Publication year - 2019
Publication title -
british journal of dermatology
Language(s) - English
Resource type - Journals
SCImago Journal Rank - 2.304
H-Index - 179
eISSN - 1365-2133
pISSN - 0007-0963
DOI - 10.1111/bjd.17553
Subject(s) - x chromosome , biology , mutant , genetics , hypoplasia , chromosome , mutation , gene , gene mutation , x inactivation , anatomy
Summary This report from Germany and France describes four women with focal dermal hypoplasia (FDH), a genetic condition affecting the skin, skeleton, teeth and eyes. FDH is caused by a mutant (abnormal) gene called PORCN, found on the X chromosome. Male embryos with the mutant gene do not usually survive. Females are more complicated. Firstly, they have two X chromosomes, but for FDH to show up it only needs the mutant gene to be present on one of them. Secondly, soon after conception one of the two X chromosomes in each cell of the embryo is randomly deactivated. Cell lines (daughter cells) from cells where the normal X chromosome remains active develop normally ; cell lines where the abnormal X chromosome remains active develop abnormally owing to the mutant gene.

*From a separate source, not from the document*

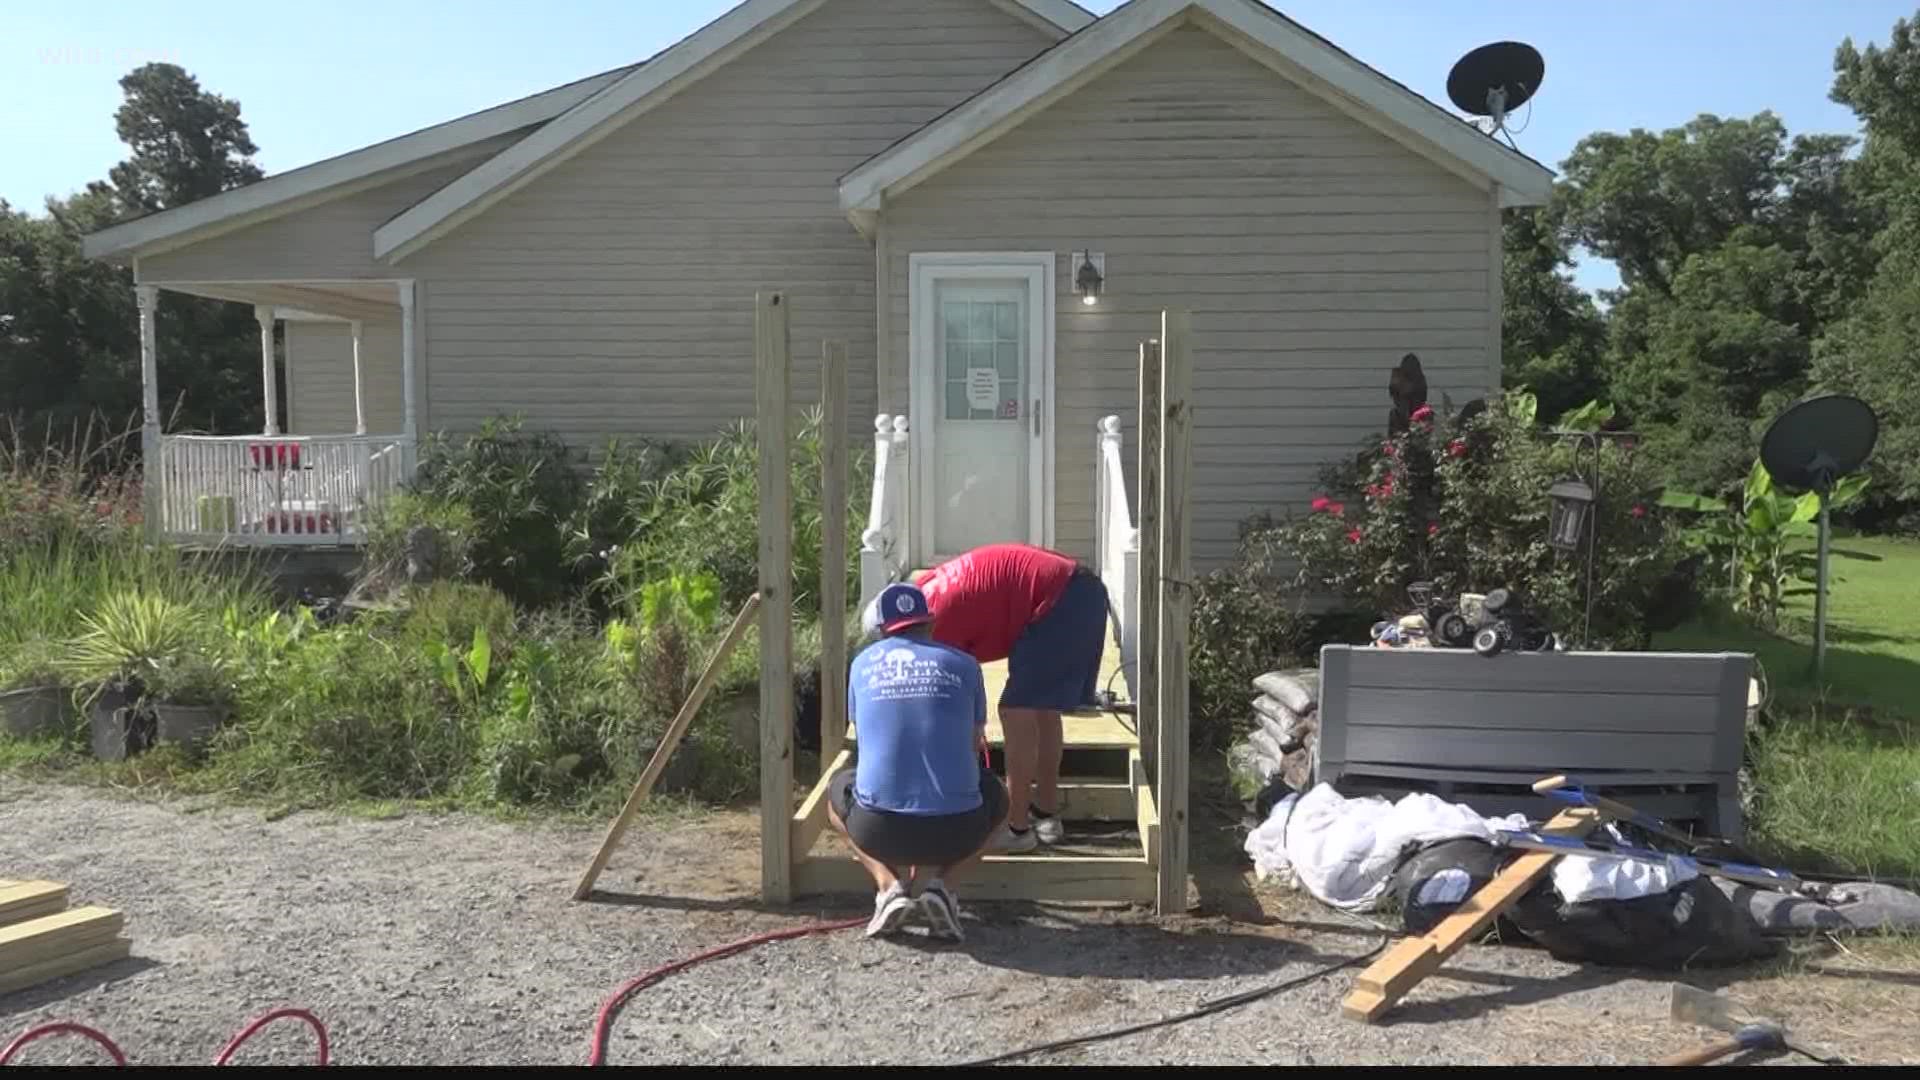 Carpenters for Christ helping those with wheelchair ramps in Orangeburg.

This phenomenon, where cell lines in an individual represent different genetic populations, is called mosaicism (and, incidentally, explains why tortoiseshell cats are always female). The FDH mutation also frequently happens spontaneously after fertilisation, in the earliest stages of development, but before X chromosome deactivation. The main message from this report is that one cannot exclude FDH simply by using standard genetic tests on blood alone. In affected women, in whom the clinical signs may be subtle and a blood test negative, because of mosaicism the abnormal gene may still be found in those skin cells where the X chromosome carrying it remains active. Importantly, the ovaries may also contain such cells, in which case the condition could be passed on to children.